§ **Required work**: From the entries below, reproduce exactly the lines from the one with "ゴルフへ行こうWEB by ゴルフダイジェスト" through the one with "シャックル追放する種Belen ジェルネイル カラージェル", both included, without images.

§ **Working data**:
#####
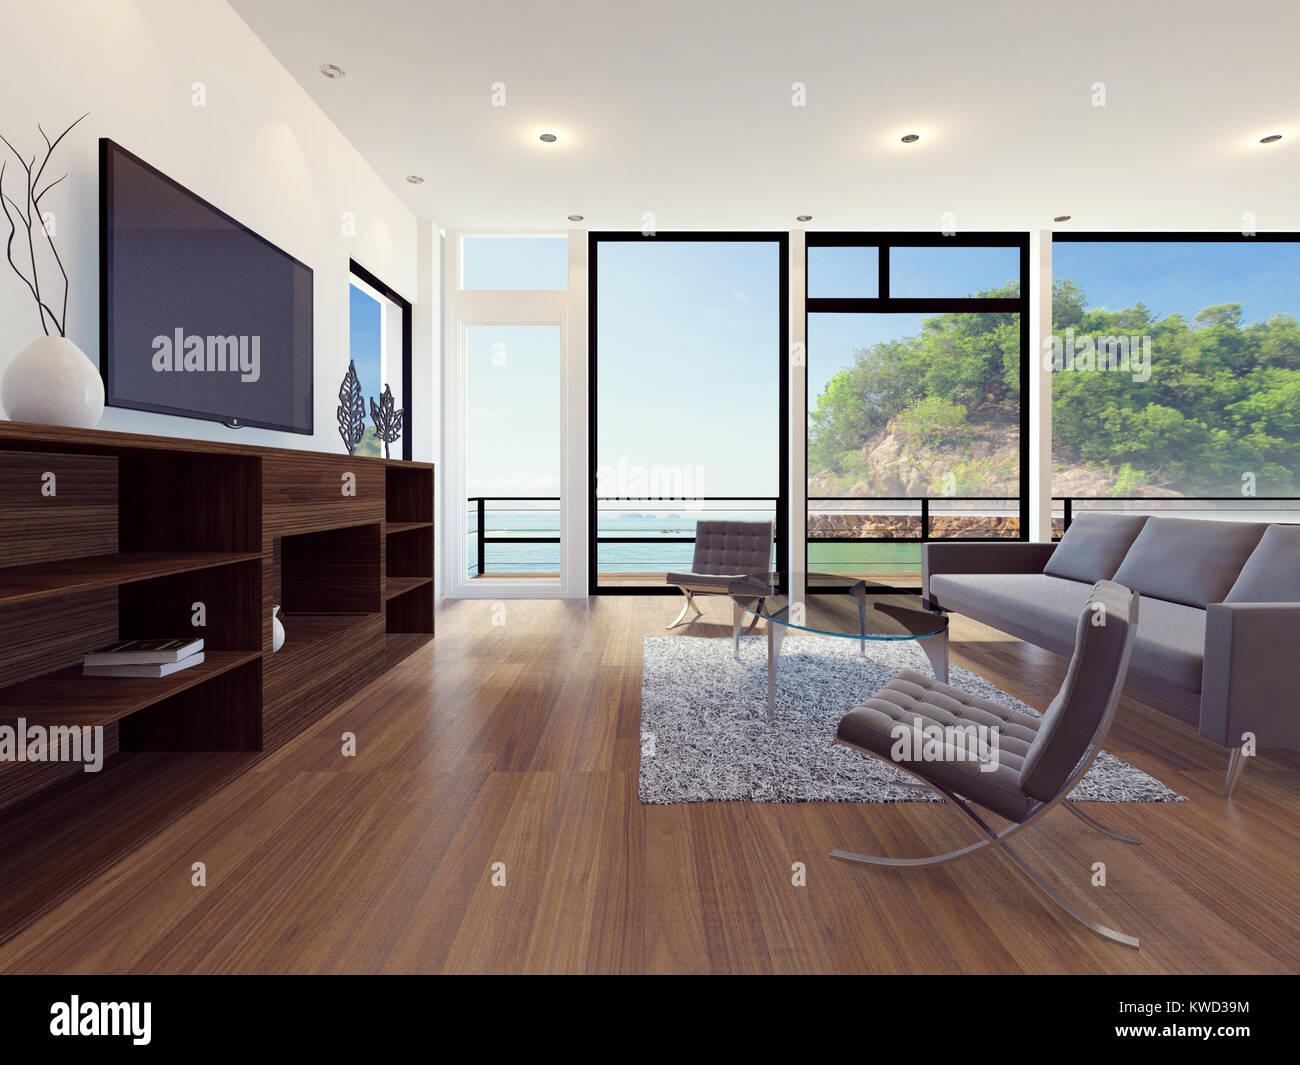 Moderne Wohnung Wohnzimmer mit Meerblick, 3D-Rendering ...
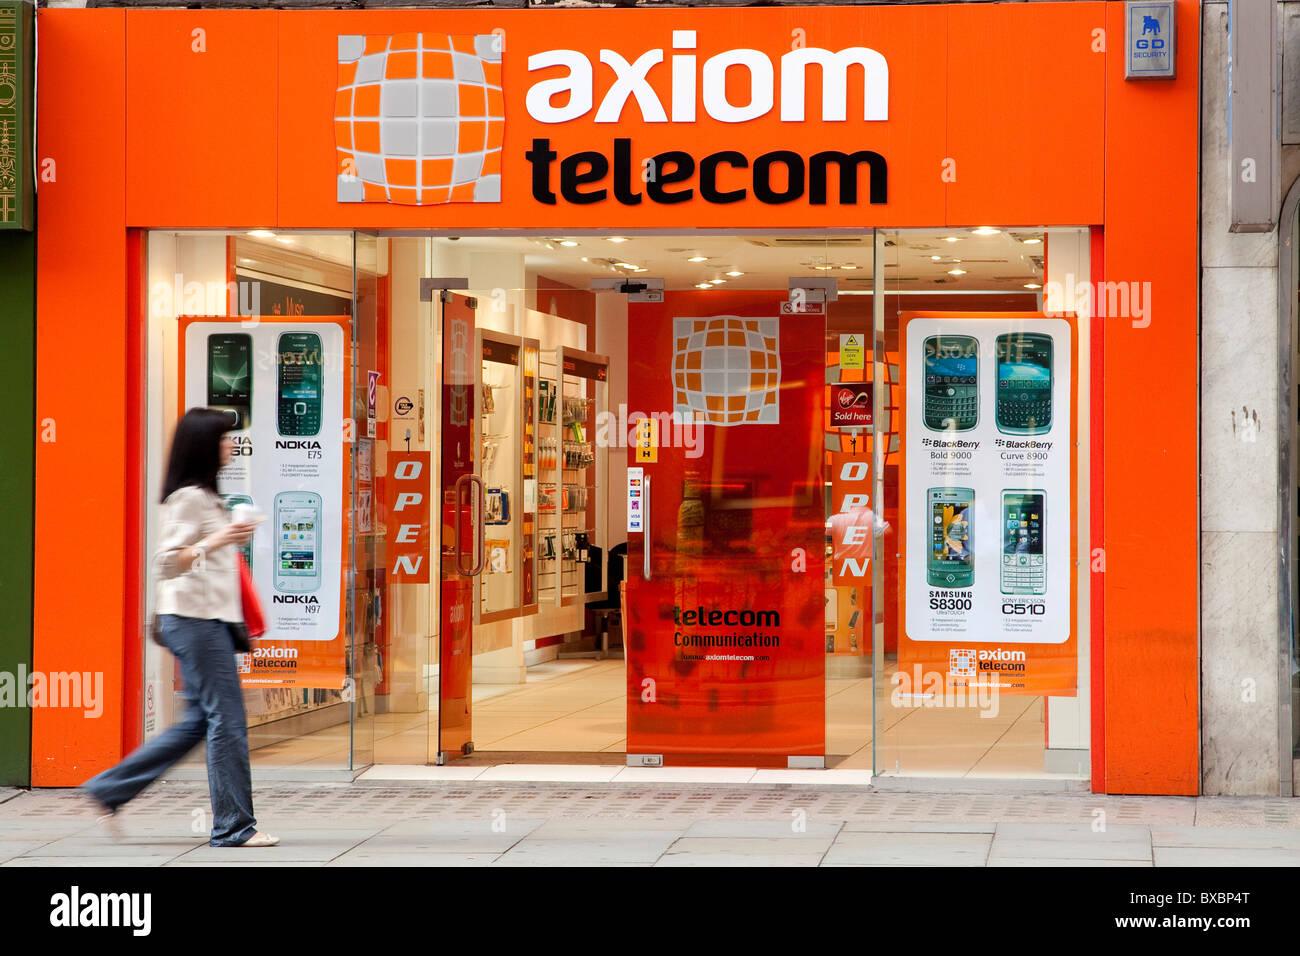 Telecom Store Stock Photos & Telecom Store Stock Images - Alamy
#####
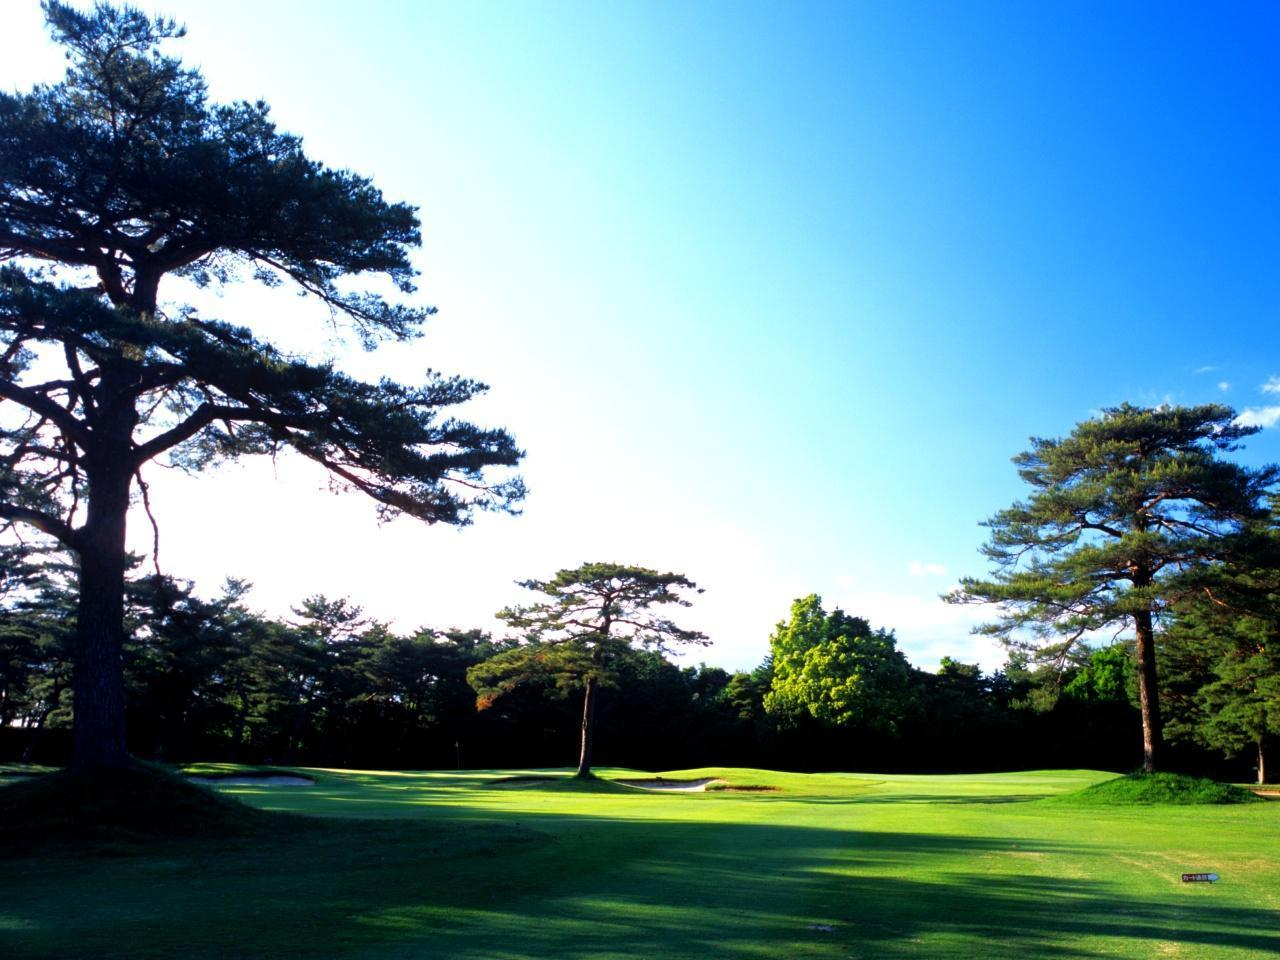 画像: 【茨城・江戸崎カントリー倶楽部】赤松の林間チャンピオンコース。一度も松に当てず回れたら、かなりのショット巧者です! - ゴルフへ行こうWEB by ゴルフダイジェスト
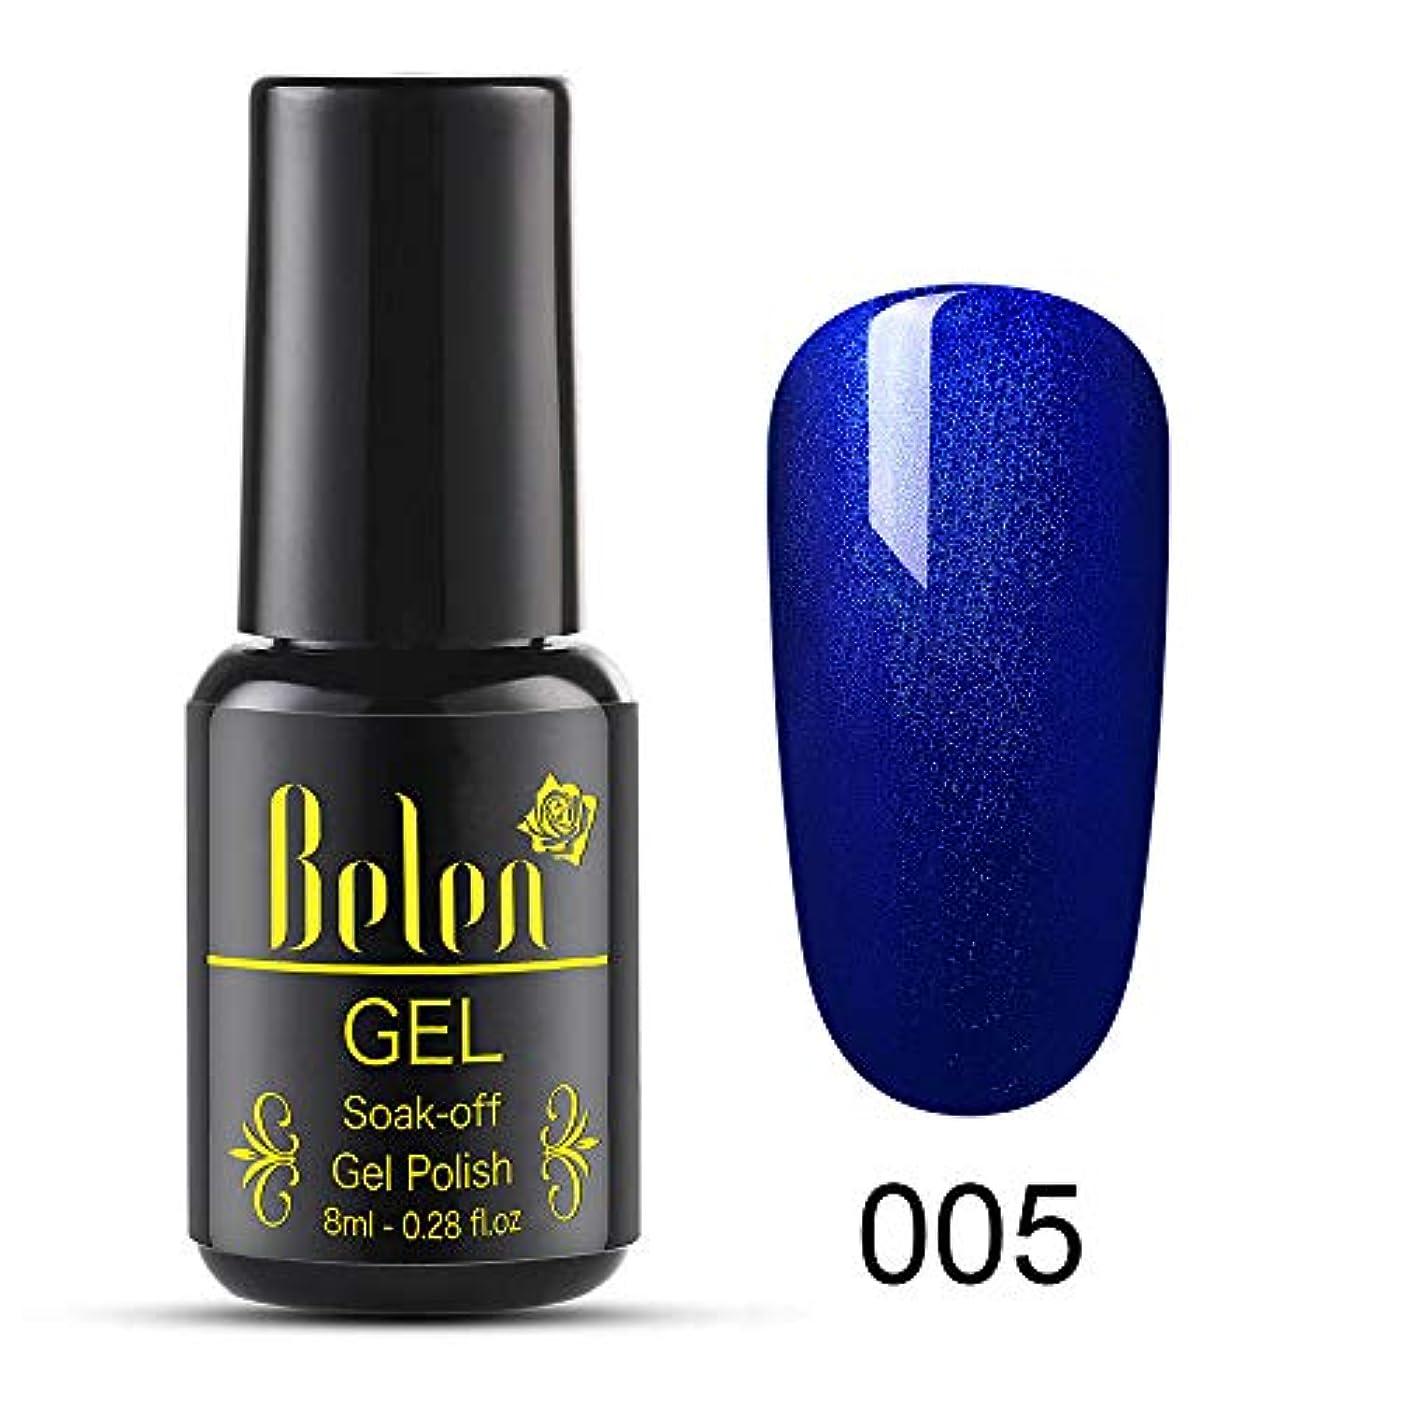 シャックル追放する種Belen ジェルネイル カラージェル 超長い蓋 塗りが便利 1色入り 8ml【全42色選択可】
#####
§ **Reply to the task**:
 画像: 【茨城・江戸崎カントリー倶楽部】赤松の林間チャンピオンコース。一度も松に当てず回れたら、かなりのショット巧者です! - ゴルフへ行こうWEB by ゴルフダイジェスト
 シャックル追放する種Belen ジェルネイル カラージェル 超長い蓋 塗りが便利 1色入り 8ml【全42色選択可】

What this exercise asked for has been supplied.